> [Exercise aim] When you reach the line that contains "Balcão de Cozinha", begin copying exactly, and continue through the last line of the data; no pictures belong in the copy.

> [Materials provided]
━━━━━━━━━━━━━━━━
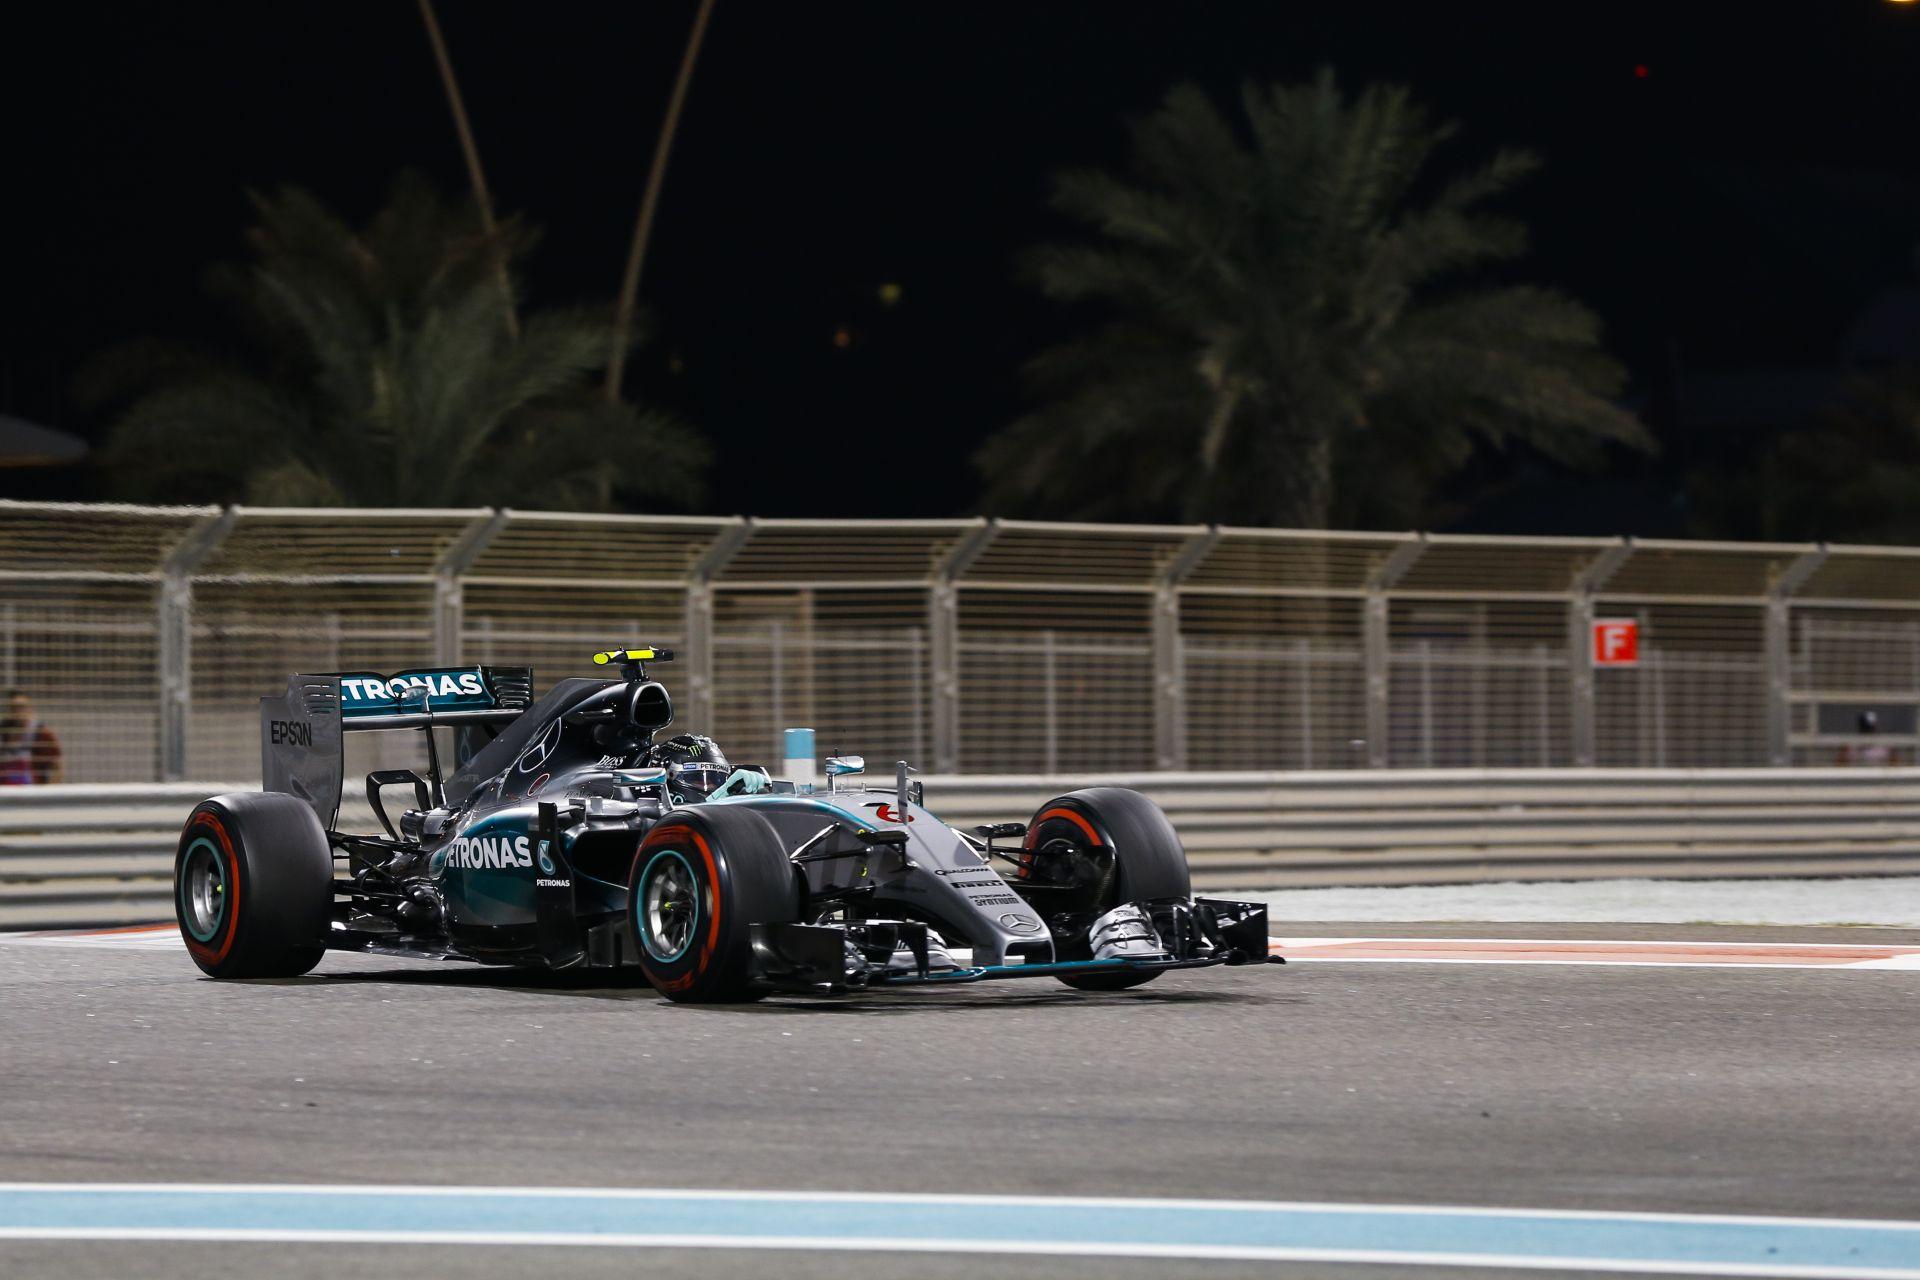 Rosberg óriási pofont adott Hamiltonnak a haldokló Mercedes motorral az időmérőn: Kimi harmadik, Vettel kiesett a Q1-ben!
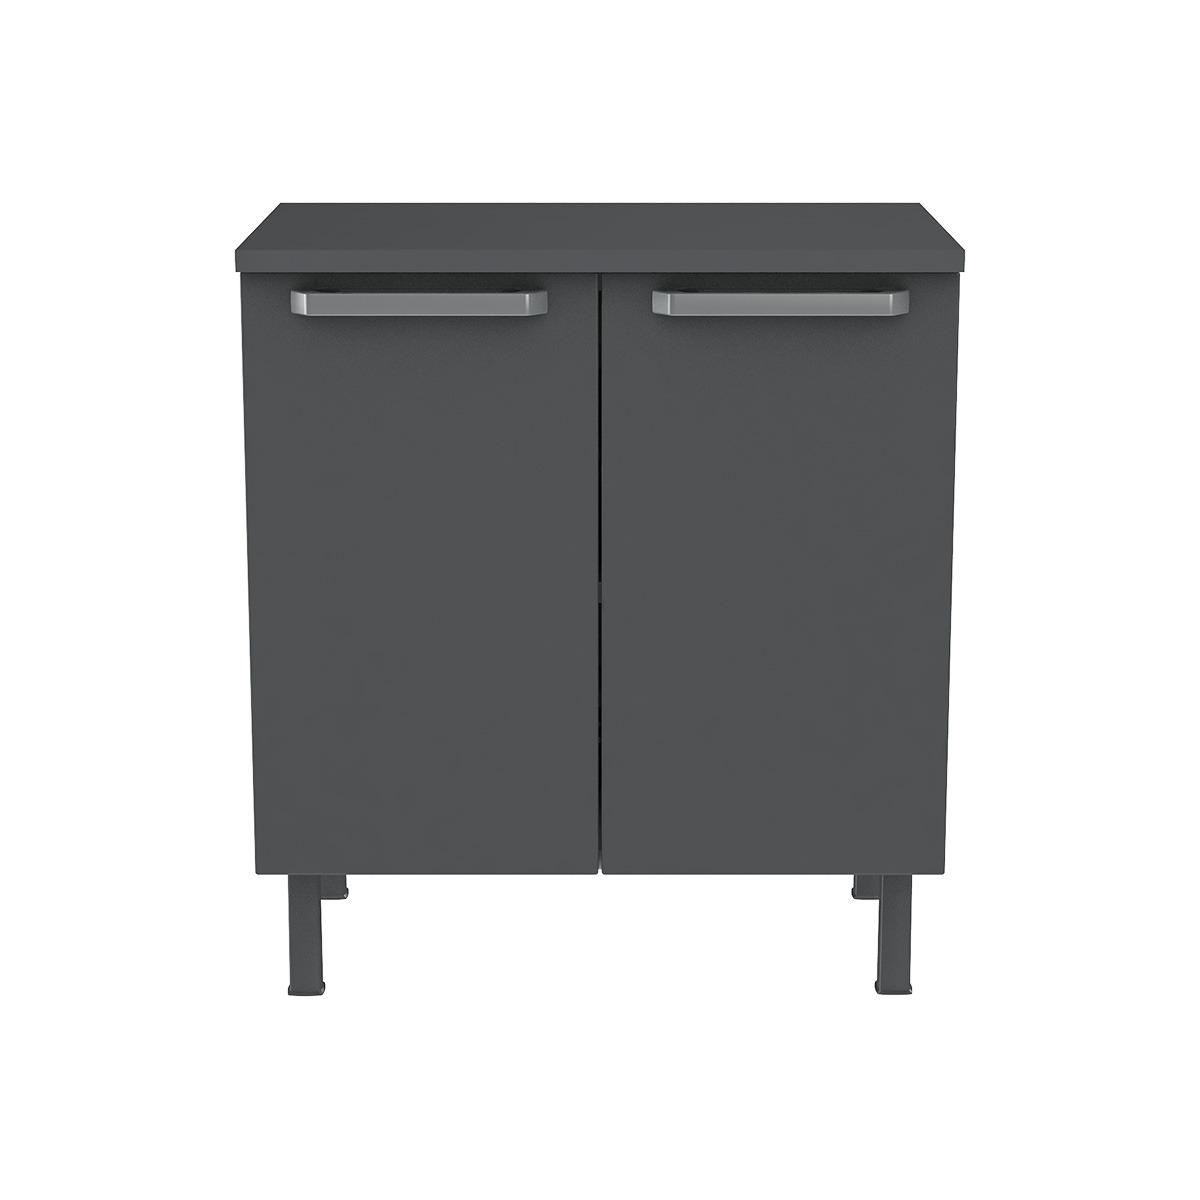 Balcão de Cozinha Colormaq Verona 80cm 2 Portas em Aço
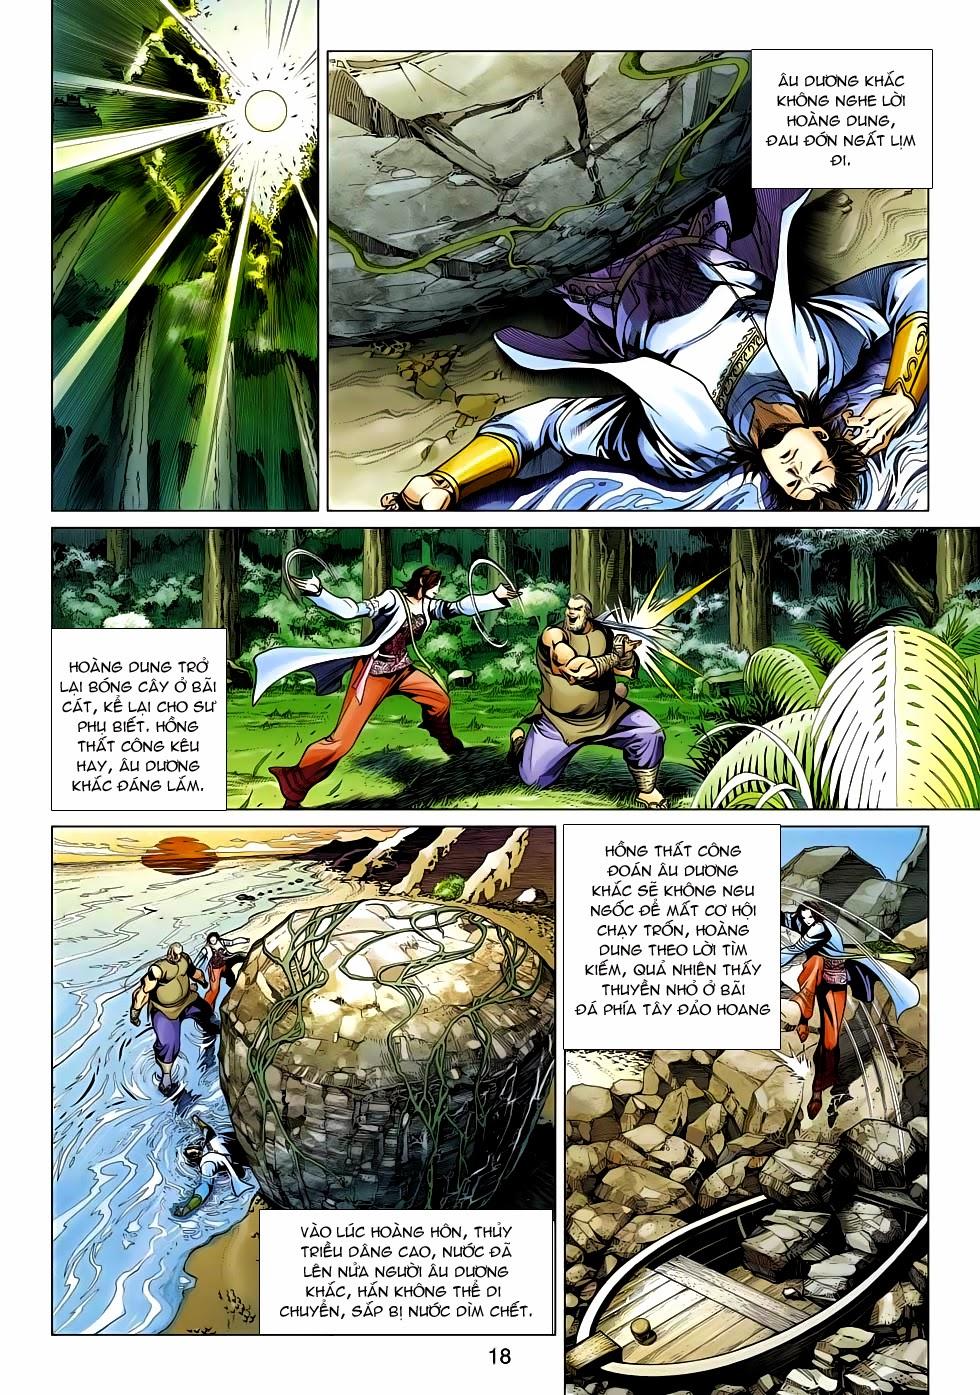 Anh Hùng Xạ Điêu anh hùng xạ đêu chap 54: kiếp hậu dư sinh thiến nữ kỳ mưu trang 18
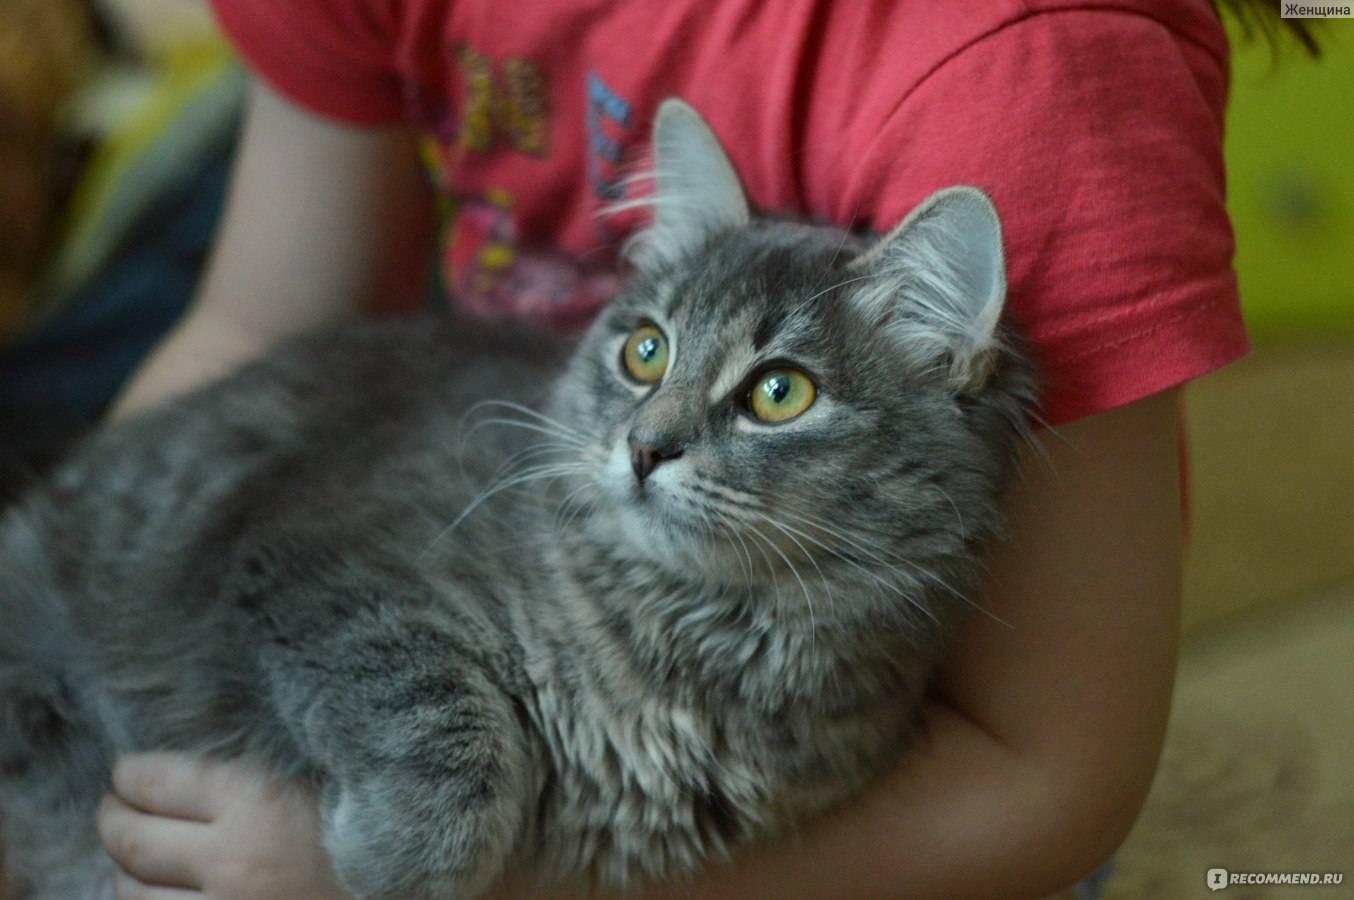 Дворовые породы кошек: почему стоит выбрать именно такого кота. породы дворовых котов: течет ли в беспородных красавцах благородная кровь? как называются беспородные кошки
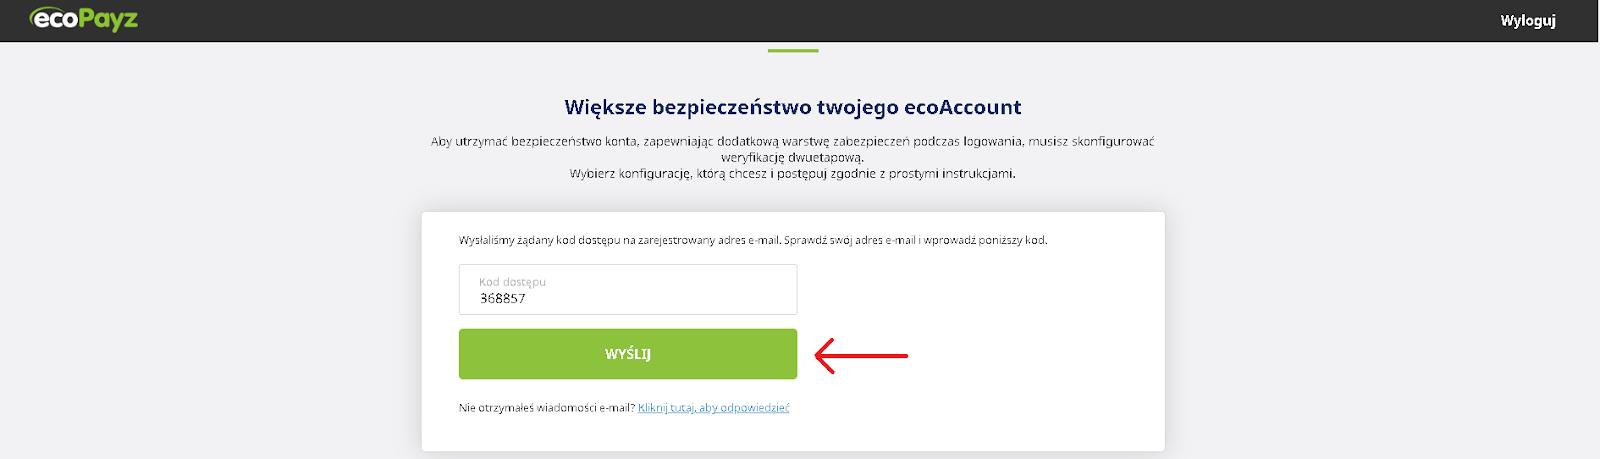 ecoPayz - Po wpisaniu otrzymanego kodu klikamy przycisk wyślij
━━━━━━━━━━━━━━━━
> [Exercise output]
 Balcão de Cozinha Colormaq Verona 80cm 2 Portas em Aço
 Anh Hùng Xạ Điêu anh hùng xạ đêu chap 54: kiếp hậu dư sinh thiến nữ kỳ mưu trang 18
 Дворовые породы кошек: почему стоит выбрать именно такого кота. породы дворовых котов: течет ли в беспородных красавцах благородная кровь? как называются беспородные кошки
 ecoPayz - Po wpisaniu otrzymanego kodu klikamy przycisk wyślij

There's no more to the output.